Skip to content

Latest commit

 

History

History
632 lines (453 loc) · 286 KB

sqlalchemy.rst

File metadata and controls

632 lines (453 loc) · 286 KB

ispyb.sqlalchemy

SQLAlchemy is a Python SQL toolkit and Object Relational Mapper that is used to provide access to the ISPyB database with the full power and flexibility of SQL. For a more general introduction to SQLAlchemy, see the official reference documentation and tutorials.

ORM models for all database tables have been automatically generated using sqlacodegen and are available inside the ispyb.sqlalchemy module.

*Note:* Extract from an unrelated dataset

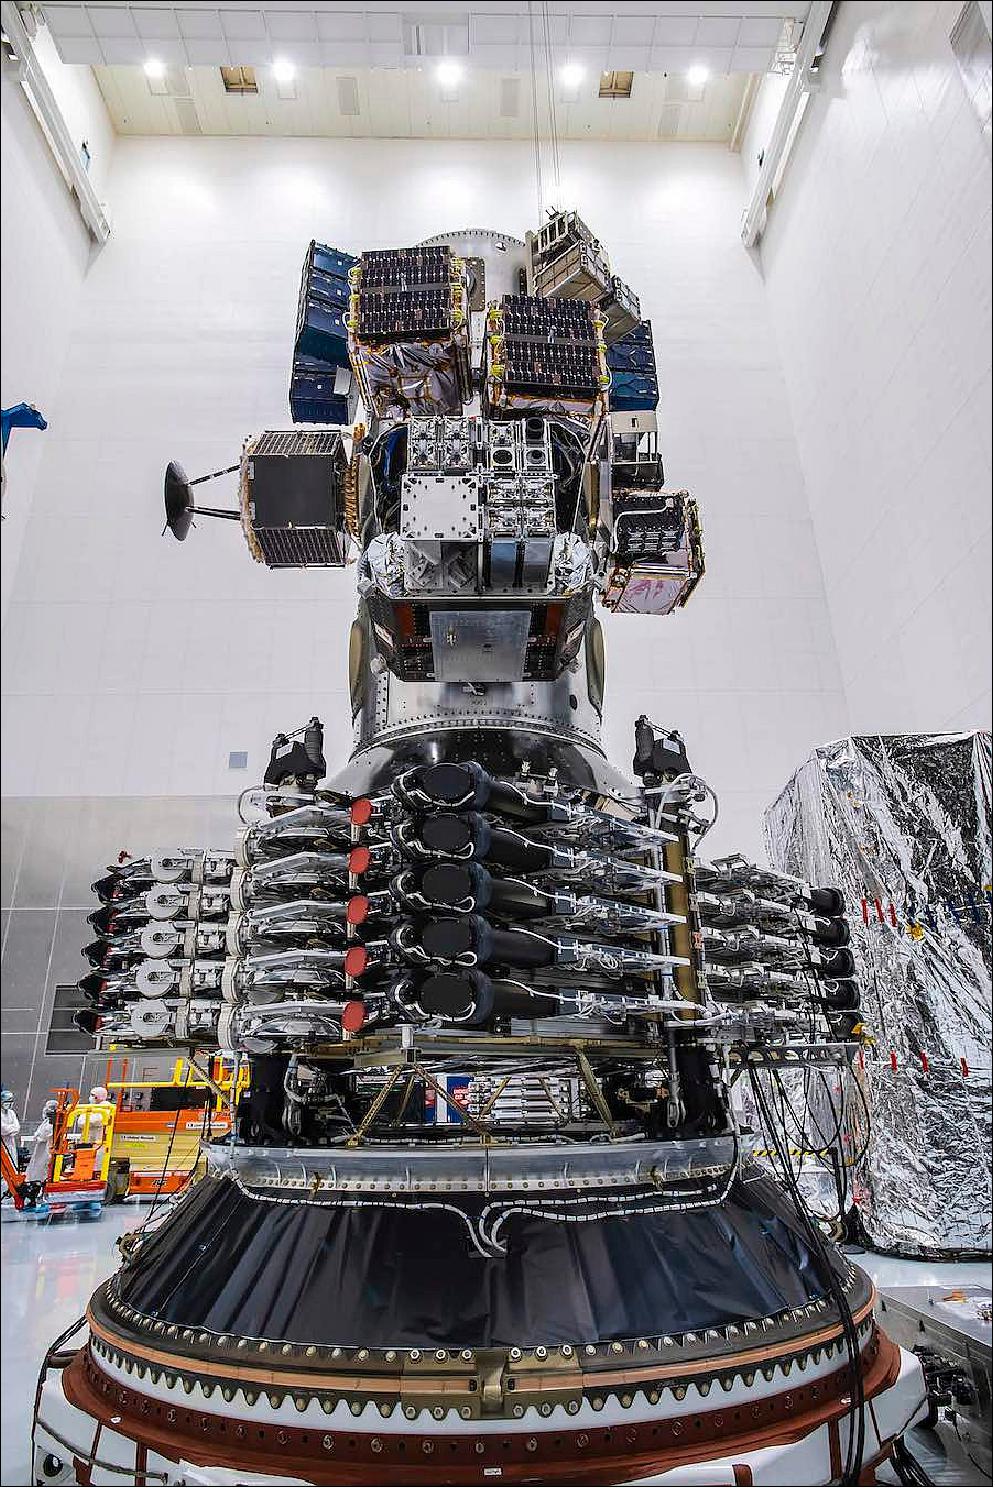 Figure 2: This photo shows the stack of 143 small satellites aboard SpaceX's Transporter-1 mission before encapsulation inside the Falcon 9 rocket's payload shroud (image credit: SpaceX)
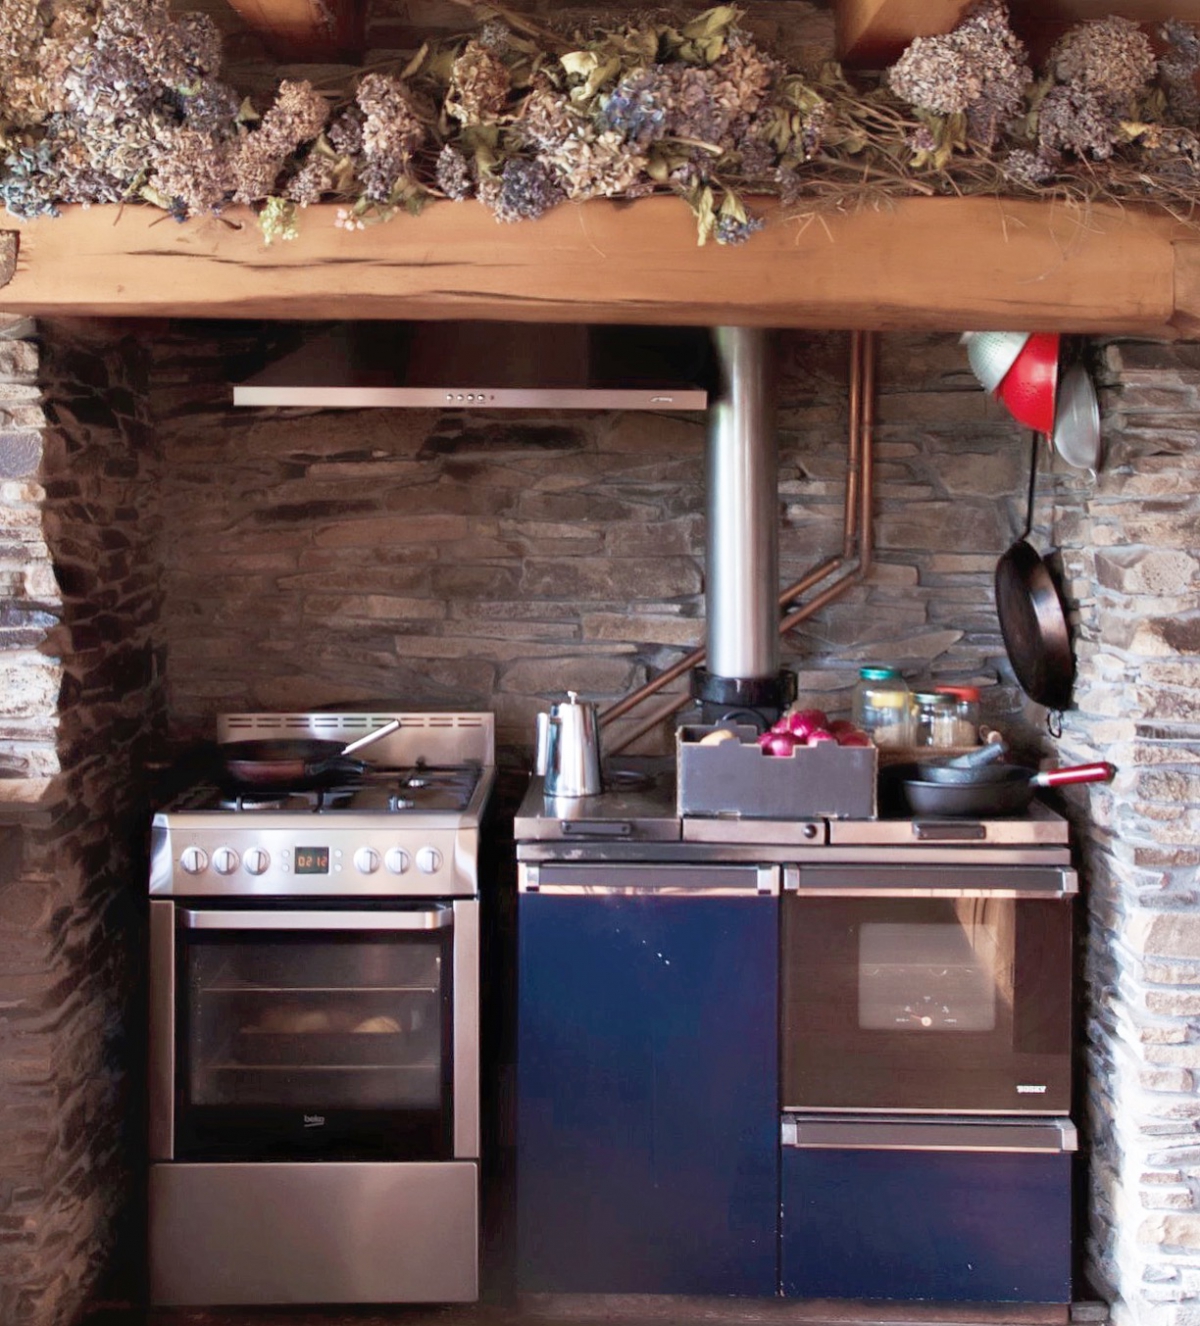 Photo of property: inglenook fireplace in kitchen

Connecting to the database

First obtain the database connection URL by calling ispyb.sqlalchemy.url(), passing either the path to a config file or a Python dictionary containing the database credentials. If credentials=None then the function will look for a credentials file pointed to by the ISPYB_CREDENTIALS environment variable.

Example credentials file:

[ispyb_sqlalchemy]
username = user
password = password
host = localhost
port = 3306
database = ispyb_build

Example credentials dictionary:

{
   "username": "user",
   "password": "password",
   "host": "localhost",
   "port": 3306,
   "database": "ispyb",
}
import ispyb.sqlalchemy

credentials = "/dls_sw/dasc/mariadb/credentials/ispyb.cfg"
url = ispyb.sqlalchemy.url(credentials)

We interact with the database via an SQLAlchemy Session, which is used to manage database transactions. Usually we should construct a new Session at the beginning of a logical operation involving database access. We can use the sessionmaker class to provide a factory for Session objects:

from sqlalchemy import create_engine
from sqlalchemy.orm import sessionmaker

# an Engine, which the Session will use for connection
# resources, typically in module scope
engine = create_engine(url, connect_args={"use_pure": True})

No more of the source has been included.